Korea, like many of its East Asian neighbors, favors a diet heavy in starches such as noodles and rice. Noodle- and rice-based dishes tend to be low in fat, and although they are heavy in carbohydrates, the carbs are frequently complex because the noodles are often made with ingredients such as buckwheat and sweet potato. Korean instant noodles are not as healthy as fresh noodle dishes; they tend to be made from refined flour and contain added fat from the oils used for flavoring them.

Seasoned Vegetables

Koreans eat a lot of vegetables, either cultivated or wild-gathered. These vegetables include eggplant, which can be stir-fried or braised; bean sprouts, which can be boiled or eaten raw; fern shoots, which are typically dried, then rehydrated and stir-fried; and bellflower roots, which are usually peeled, shredded and pan-fried. Korean vegetables are usually seasoned with spices such as garlic, red pepper and ginger, all of which have both antibiotic and antimocrobial properties.

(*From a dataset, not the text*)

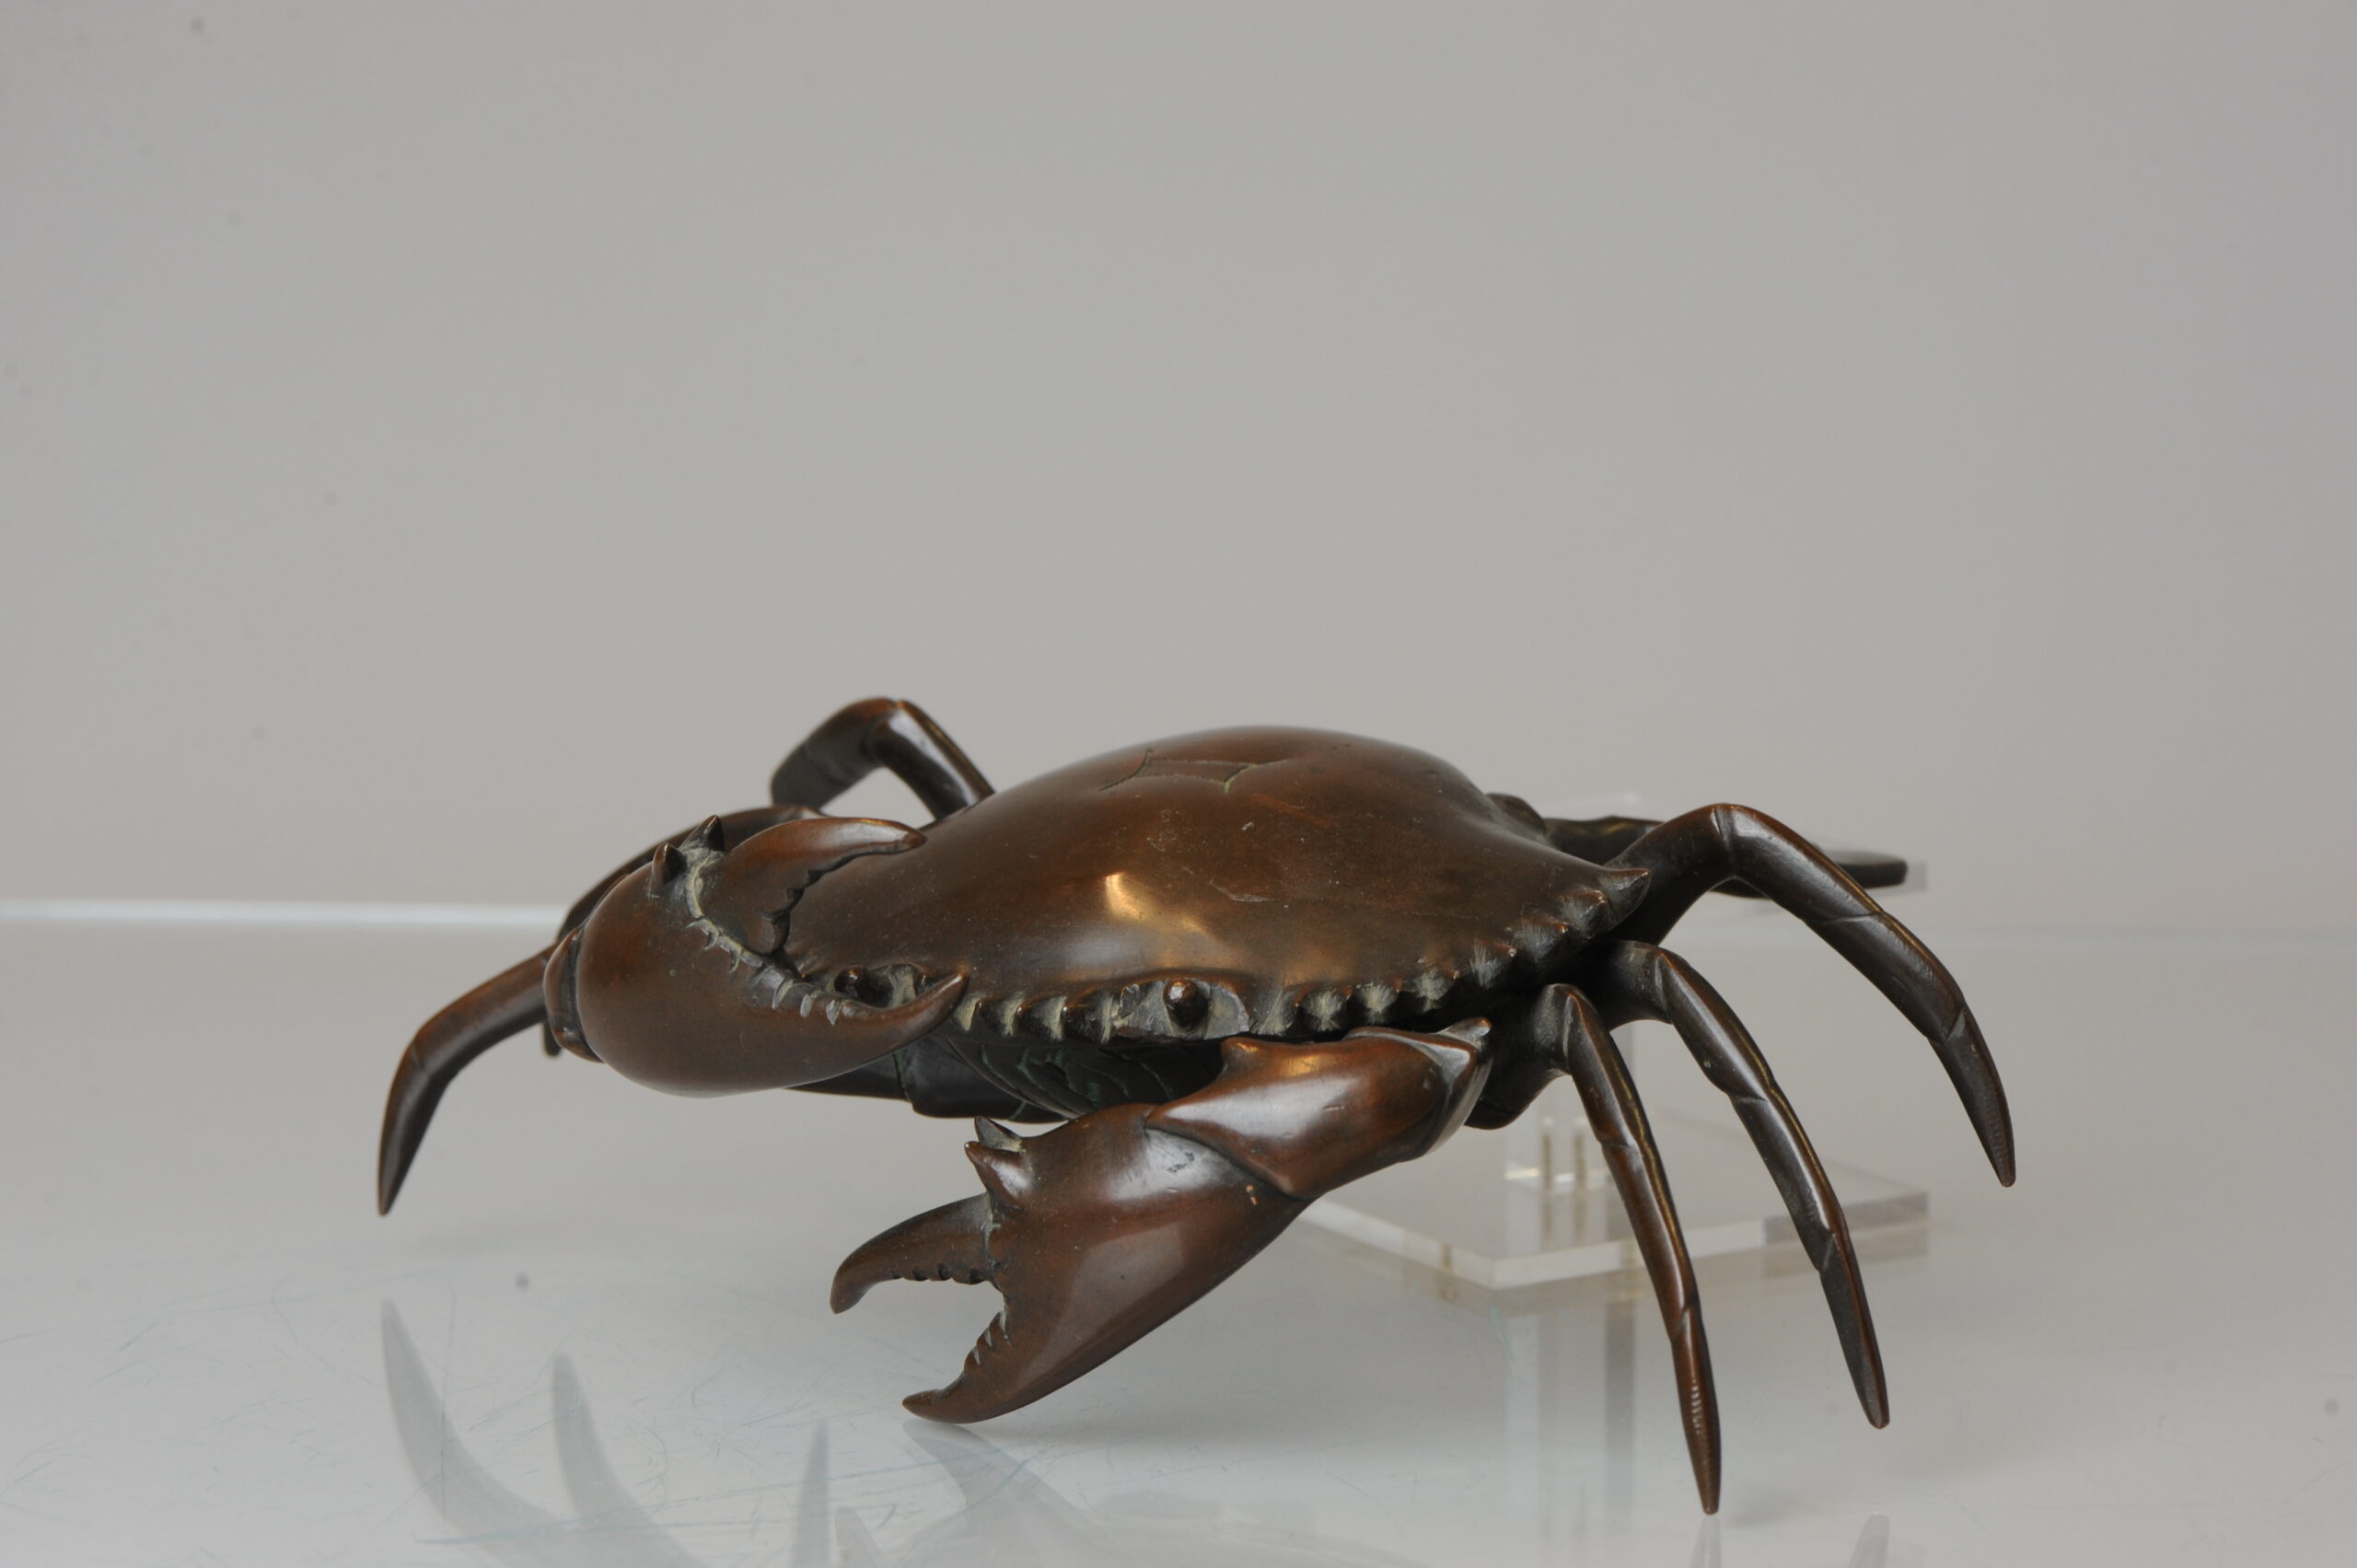 Antique Bronze Meiji Okimono Inkpot of a Crab 19th Century Japan, Japanese

Kimchi, perhaps Korea's best-known food, is also one of its healthiest. Kimchi typically includes fermented vegetables such as cabbage or radishes seasoned with red pepper; it might include other seasonings such as garlic, ginger or dried anchovies. Kimchi contains lots of vitamins A, B and C as well iron, potassium and calcium, and it is a good source of dietary fiber. The 1999 International Symposium on Vegetable Quality of Fresh and Fermented Vegetables praised kimchi for its health benefits, including antioxidant and anticarcinogenic properties.